CARA Y CRUZ

La conversión del "Chiqui"

lunes, 8 de julio de 2019 · 04:03

A falta de campeonato, se celebra la maradonización de Lionel Messi. Expulsado del cotejo contra Chile por el bronce de la Copa América, se negó a recibir el premio y denunció corrupción en la Conmebol.
"Nosotros no tenemos que ser parte de esta corrupción, de esta falta de respeto de toda la Copa. Estábamos para más. Repito lo de la corrupción, así no se permite que la gente disfrute del fútbol. Quizá esto fue mandado, me pasaron una factura", dijo.
Contra la Conmebol y sus manejos turbios, como Maradona contra la FIFA. El viraje de Messi hacia la insurgencia maradoniana había comenzado a manifestarse tras la derrota de la Selección nacional contra Brasil, en la semifinal.
"Se cansaron de cobrar boludeces y no fueron al VAR. Espero que la Conmebol haga algo, pero no creo, porque Brasil maneja todo", señaló.
Tamaña osadía, estima el capitán argentino, precipitó la represalia de los malandras desenmascarados.


Escasas dudas pueden abrigarse acerca de las corruptelas en la Conmebol, de características idénticas a las de la FIFA.
Tres de sus presidentes y una docena de dirigentes, ex presidentes de las federaciones miembros y altos directivos están procesados por la justicia de los Estados Unidos, acusados de asociación criminal, lavado de dinero, fraude, sobornos y otras hazañas.
En 2016, la argentina Torneos y Competencias firmó con la Fiscalía estadounidense un acuerdo de procesamiento diferido en el cual aceptó todos los cargos en su contra y acordó el pago de una multa y devolución de "dinero sucio" por 112,8 millones de dólares a cambio de una amnistía.
Bien por Messi, entonces, plantado frente a la mugre.


La Conmebol le respondió, sin nombrarlo, a través de un comunicado institucional.
“En el fútbol a veces se gana y a veces se pierde. Un pilar fundamental del 'fair play' es aceptar los resultados con lealtad y respeto.
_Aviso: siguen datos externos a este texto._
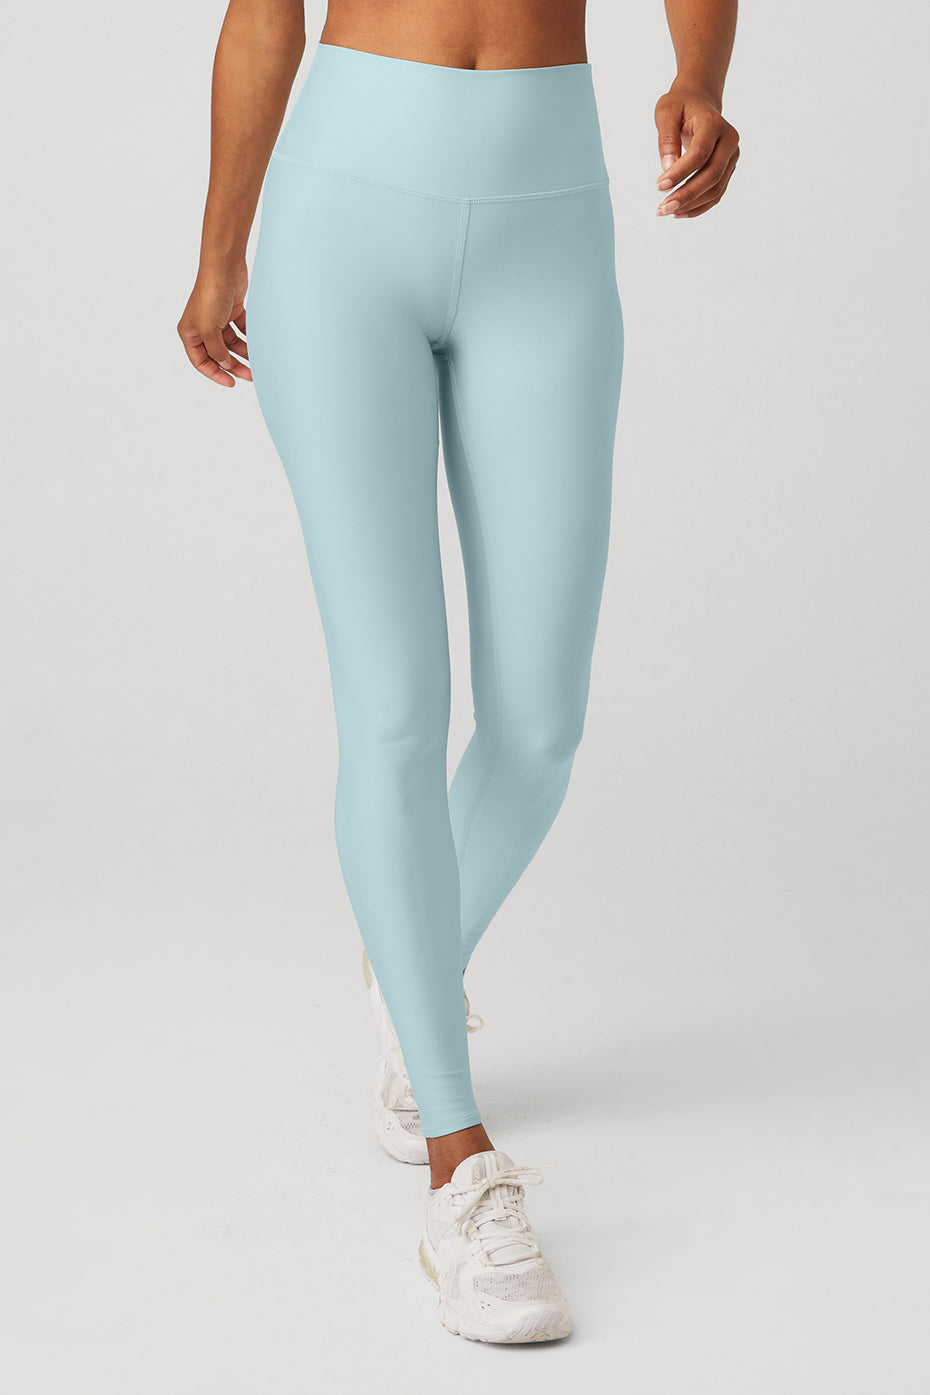 Sexy High Waisted Wetlook Light Blue Leggings With Open Crotch And

Lo mismo va para las decisiones arbitrales, que son humanas y siempre serán perfectibles”, apuntó la entidad, para la cual “es inaceptable que a raíz de incidentes propios de la competencia, donde participaron doce selecciones, se hayan lanzado acusaciones infundadas que faltan a la verdad”.
“Dichas acusaciones –concluyó- representan una falta de respeto a la competencia, a todos los futbolistas participantes y a los cientos de profesionales de CONMEBOL, que viene trabajando por transparentar, profesionalizar y desarrollar el fútbol sudamericano”.
El tamaño de la satisfacción que produjo en la afición argentina la rebelión de Messi opacó otra transformación extraordinaria.
Claudio “Chiqui” Tapia, presidente de la Asociación del Fútbol Argentino, cuestionó también a la Conmebol. Aunque se abstuvo de la palabra “corrupción”, sus manifestaciones, vertidas a través de la red social twitter, fueron suficientemente claras.


"Como presidente de AFA estoy convencido de la búsqueda de la transparencia, la profesionalización y el desarrollo del fútbol. Es por eso que deseo una profunda reflexión sobre lo sucedido, a fines de trabajar juntos por un fútbol sudamericano limpio, justo y libre de sospechas", sentenció.
Raro que no destacara que es el vicepresidente segundo de la Conmebol cuya transparencia objeta. Se le debe haber pasado. Seguro que su renuncia al cargo está al caer.
Además, comparte la conducción de la AFA con su suegro, el líder camionero Hugo Moyano, investigado entre otras cosas por matufias perpetradas en el club Independiente. Y con Daniel Angelici, cristalino integrante de entorno del presidente Mauricio Macri.
Lamentable que la Conmebol no siga el ejemplo de institución tan pura como la AFA. Ojalá las palabras de “Chiqui” Tapia induzcan a reflexionar sobre lo inconvenientes que son para el deporte de las conductas reñidas con la ética.